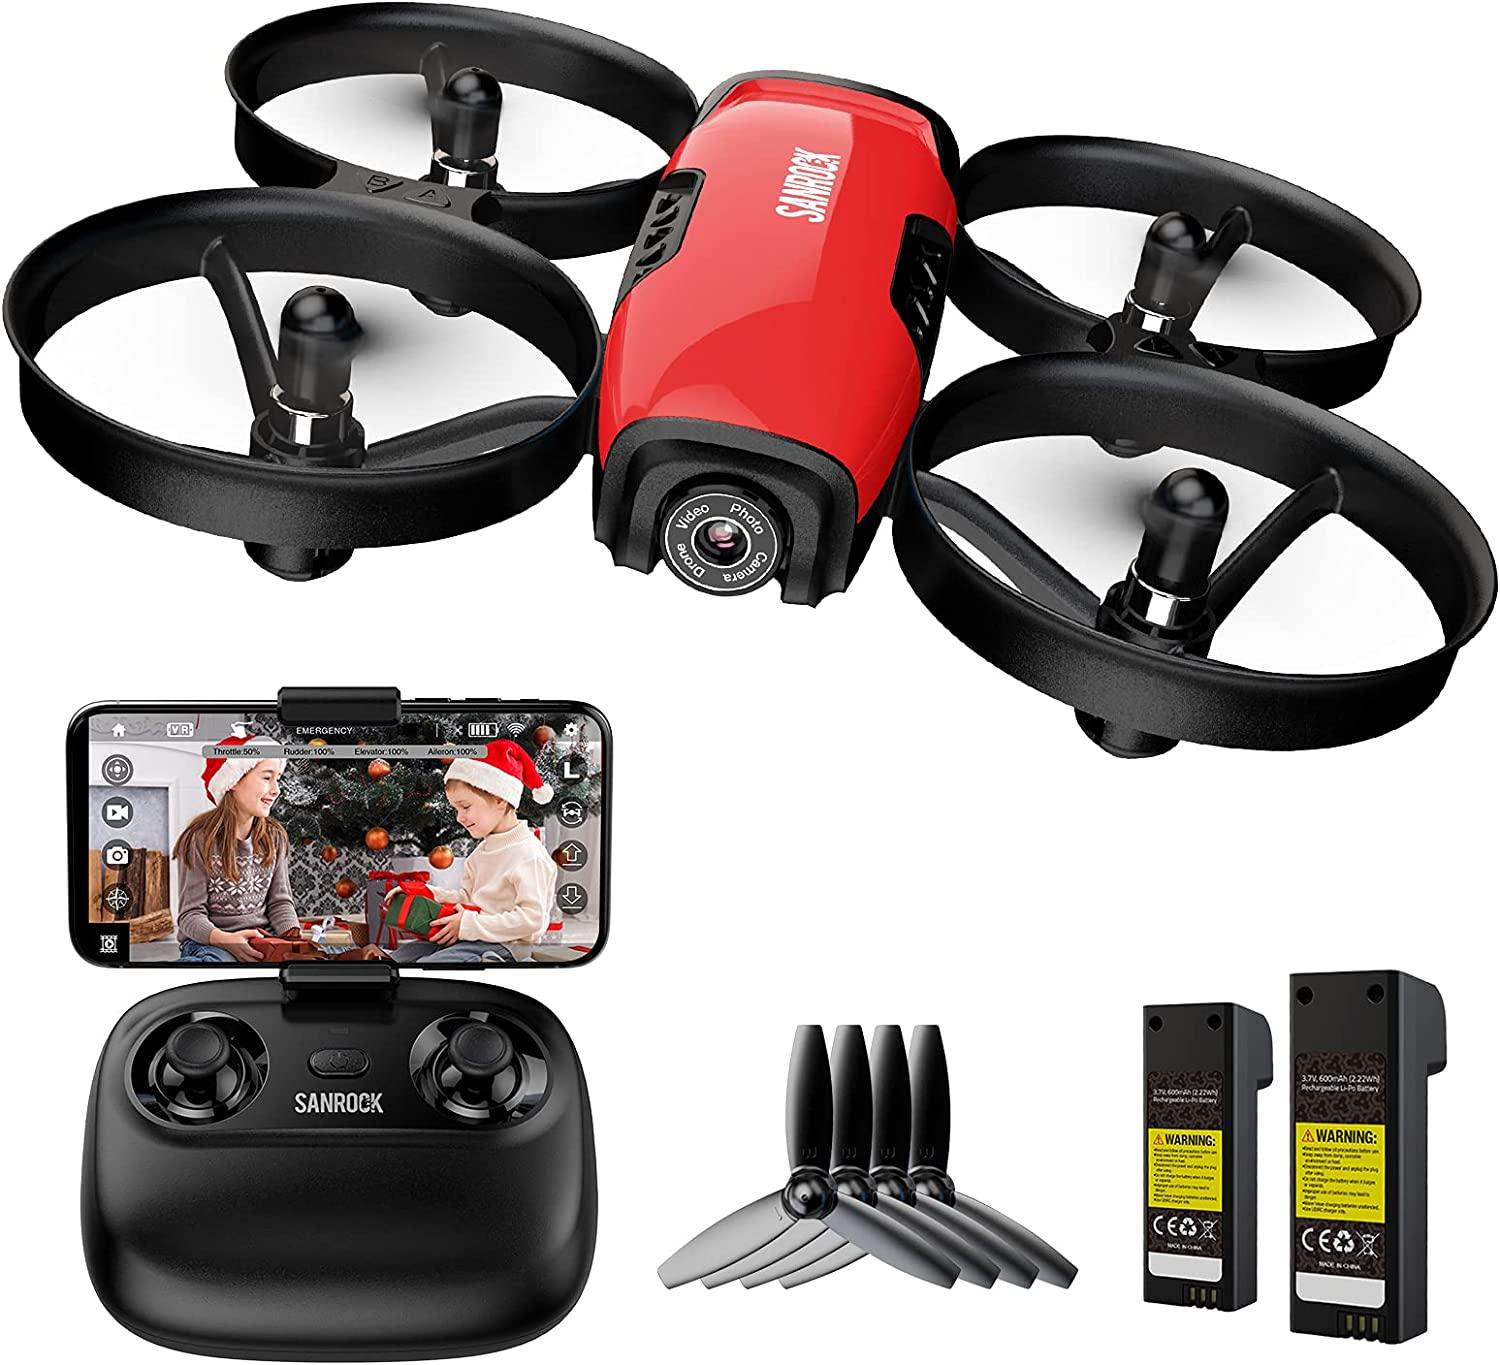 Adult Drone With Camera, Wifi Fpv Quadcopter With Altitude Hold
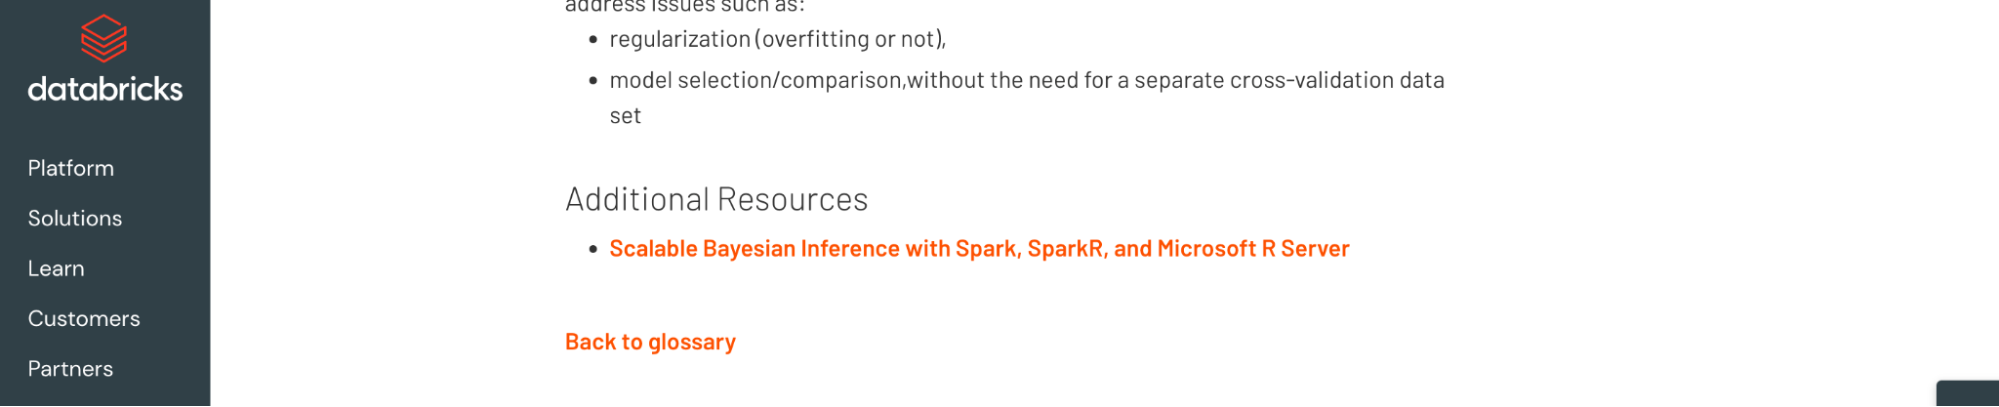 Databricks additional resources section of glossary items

--

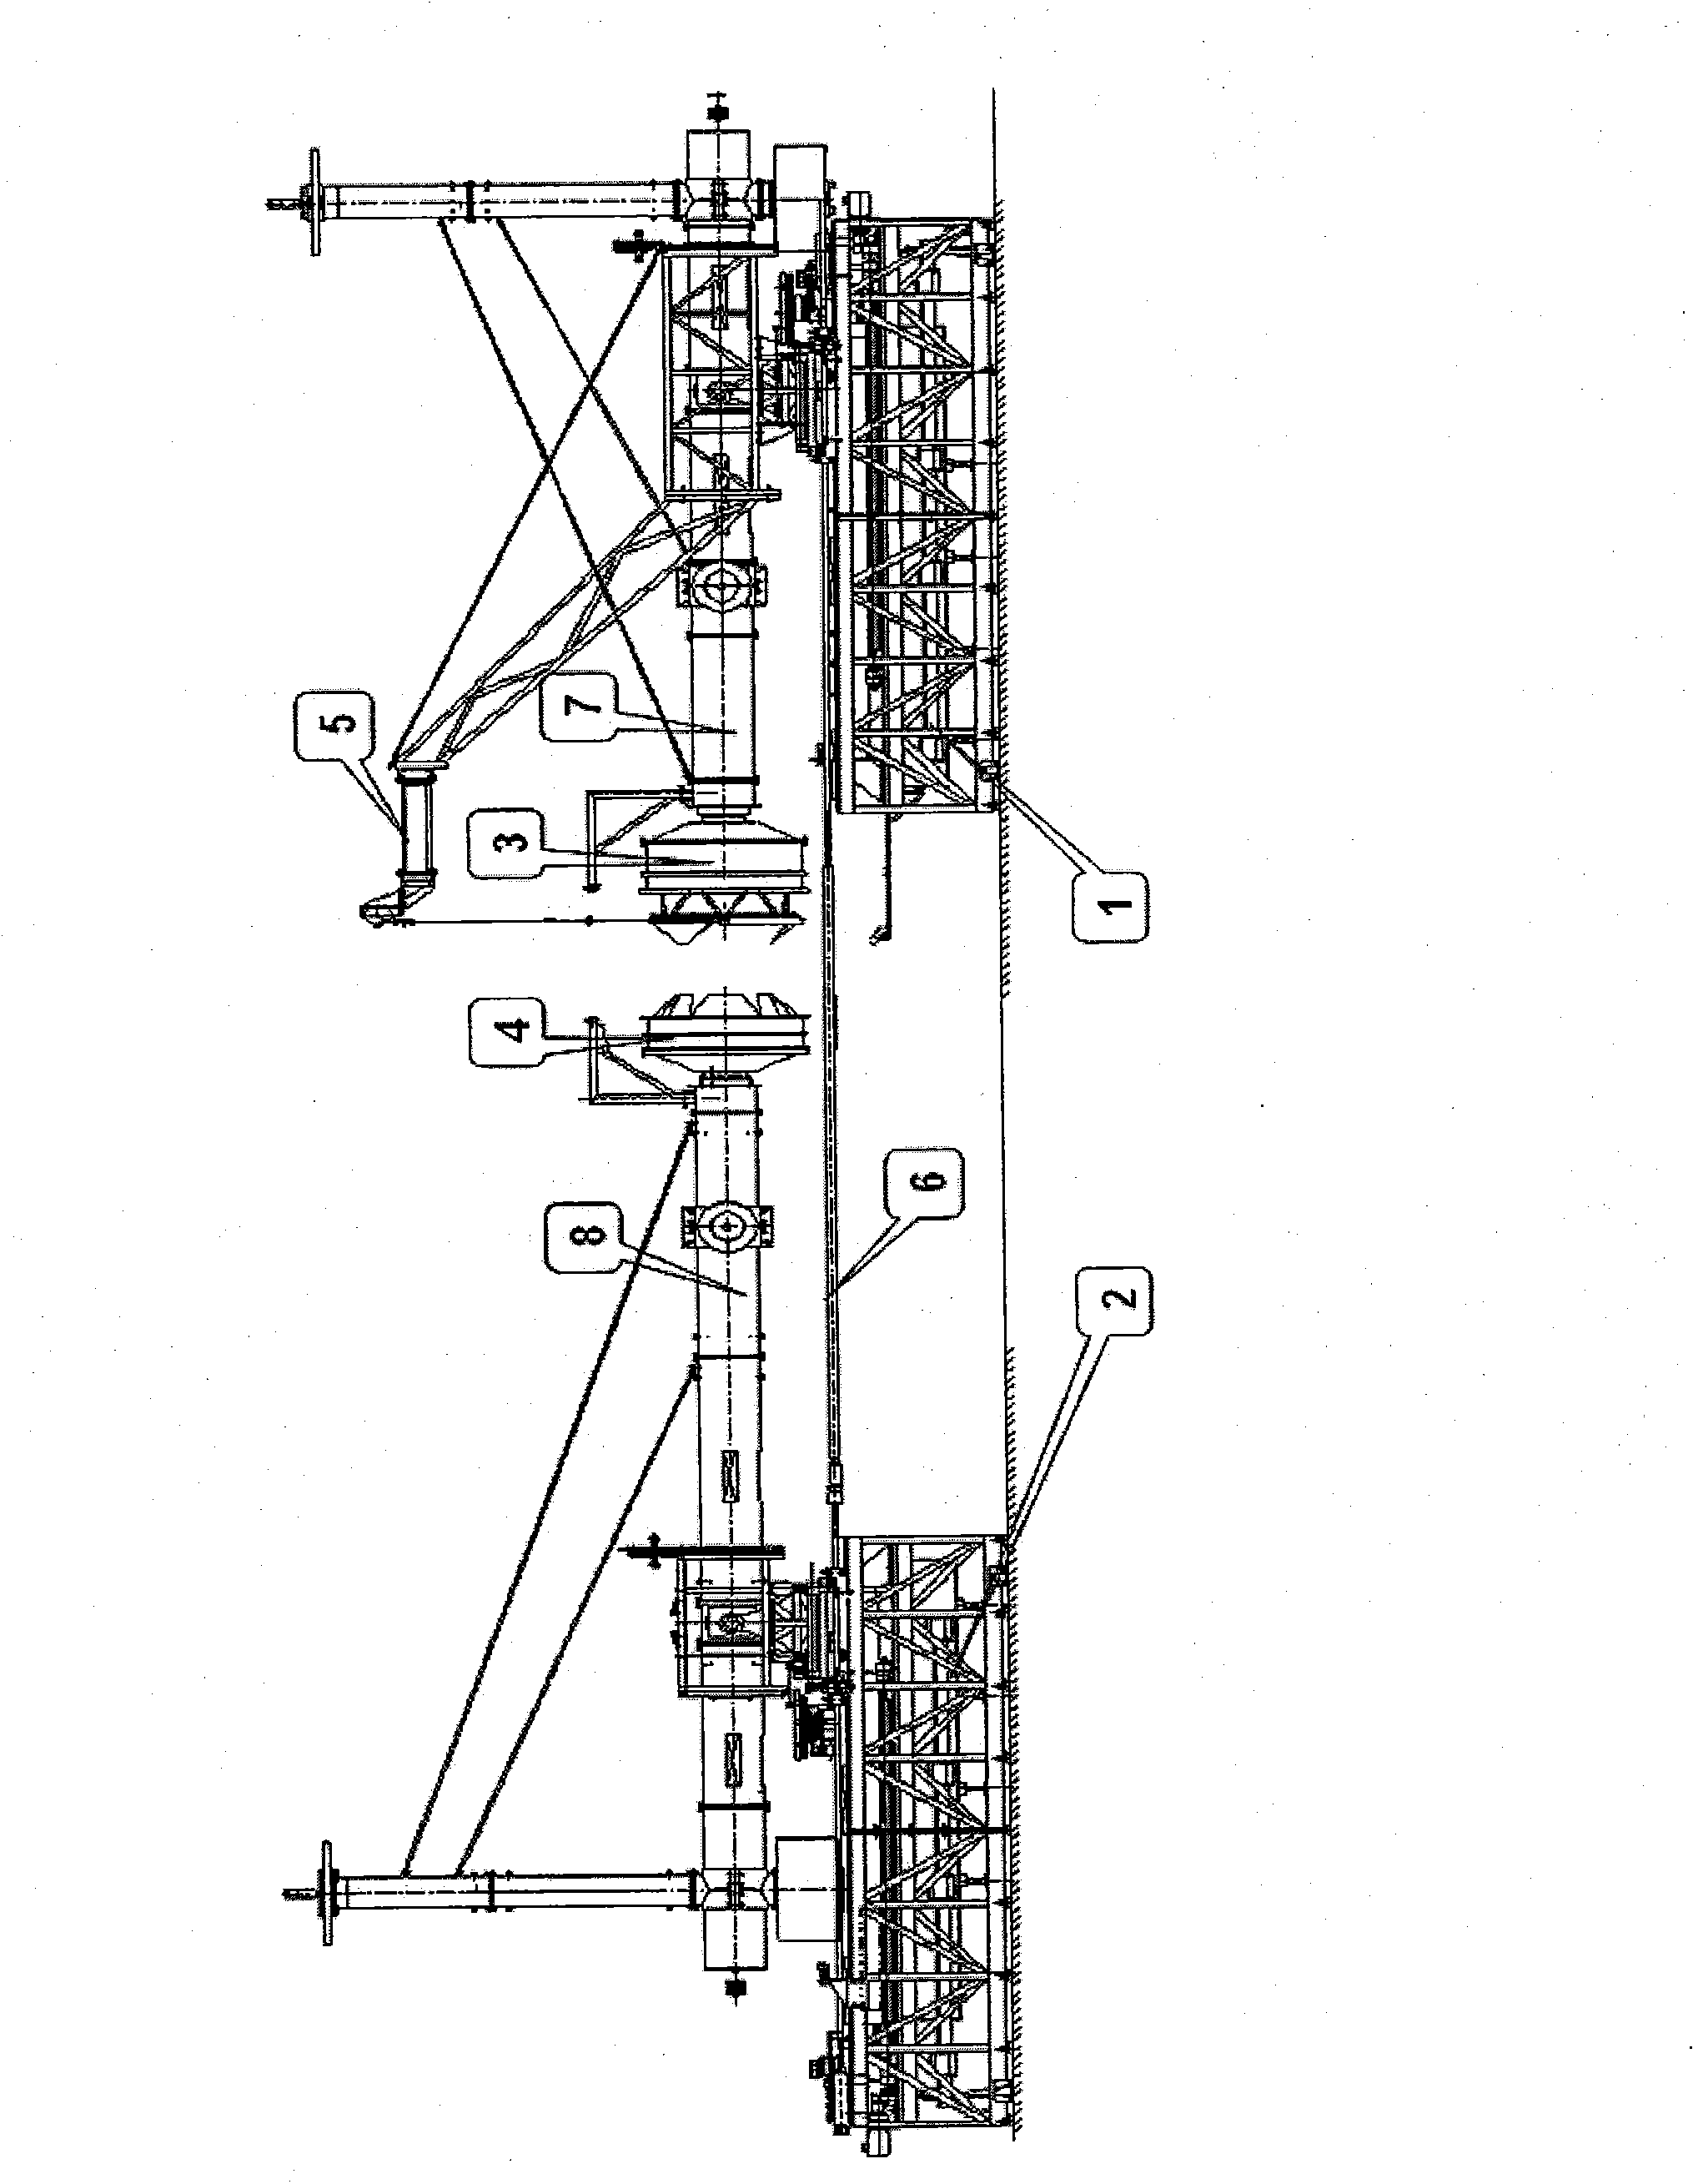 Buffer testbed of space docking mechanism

--

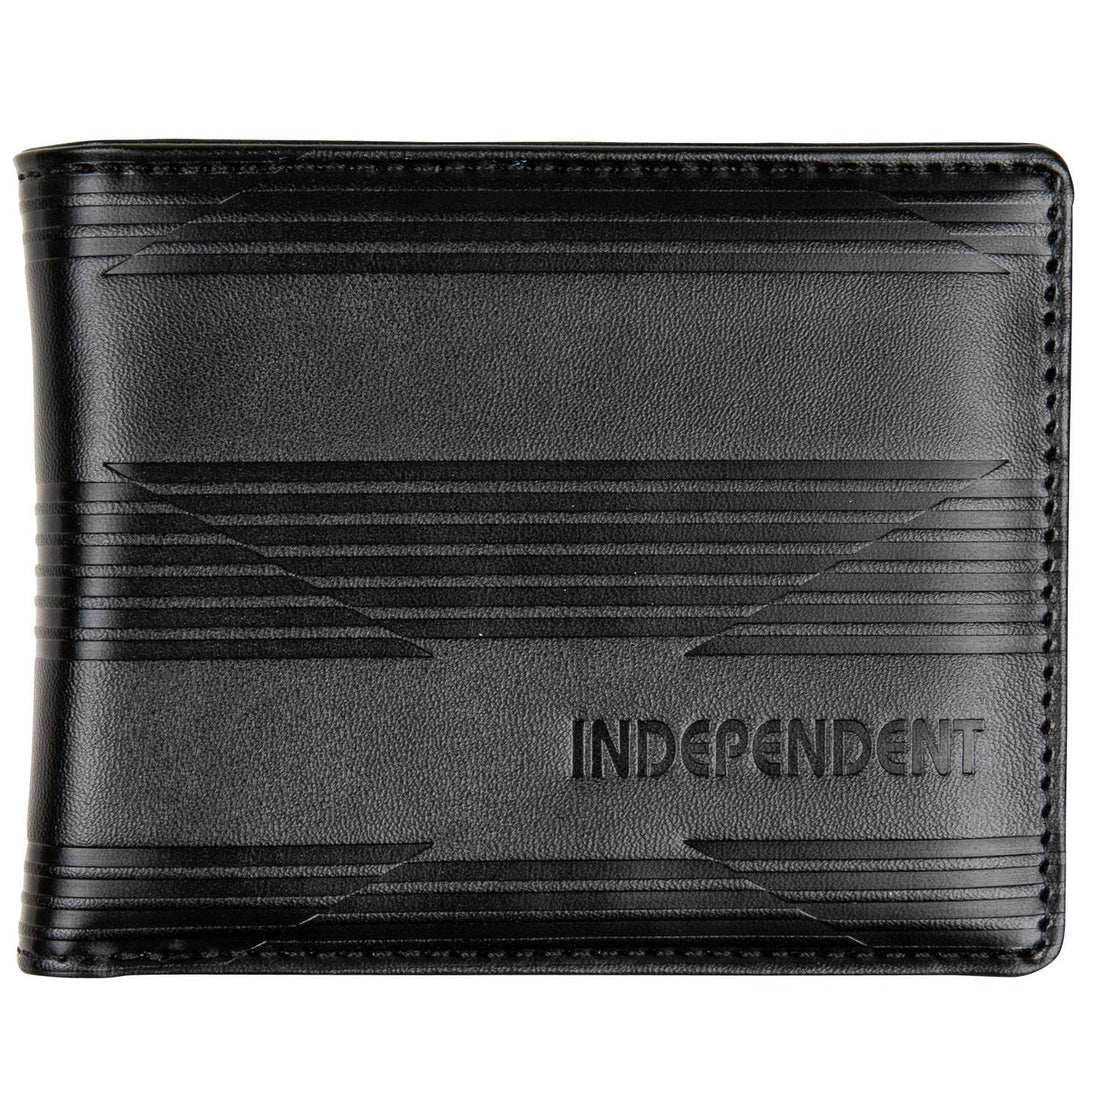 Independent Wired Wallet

_TASK PROMPT_
Copy the lines above exactly, starting with the line that contains "Adult Drone With" and ending with the line that contains "Databricks additional resources", and leave out any pictures.

_ANSWER TO THIS EXERCISE_
 Adult Drone With Camera, Wifi Fpv Quadcopter With Altitude Hold
 Databricks additional resources section of glossary items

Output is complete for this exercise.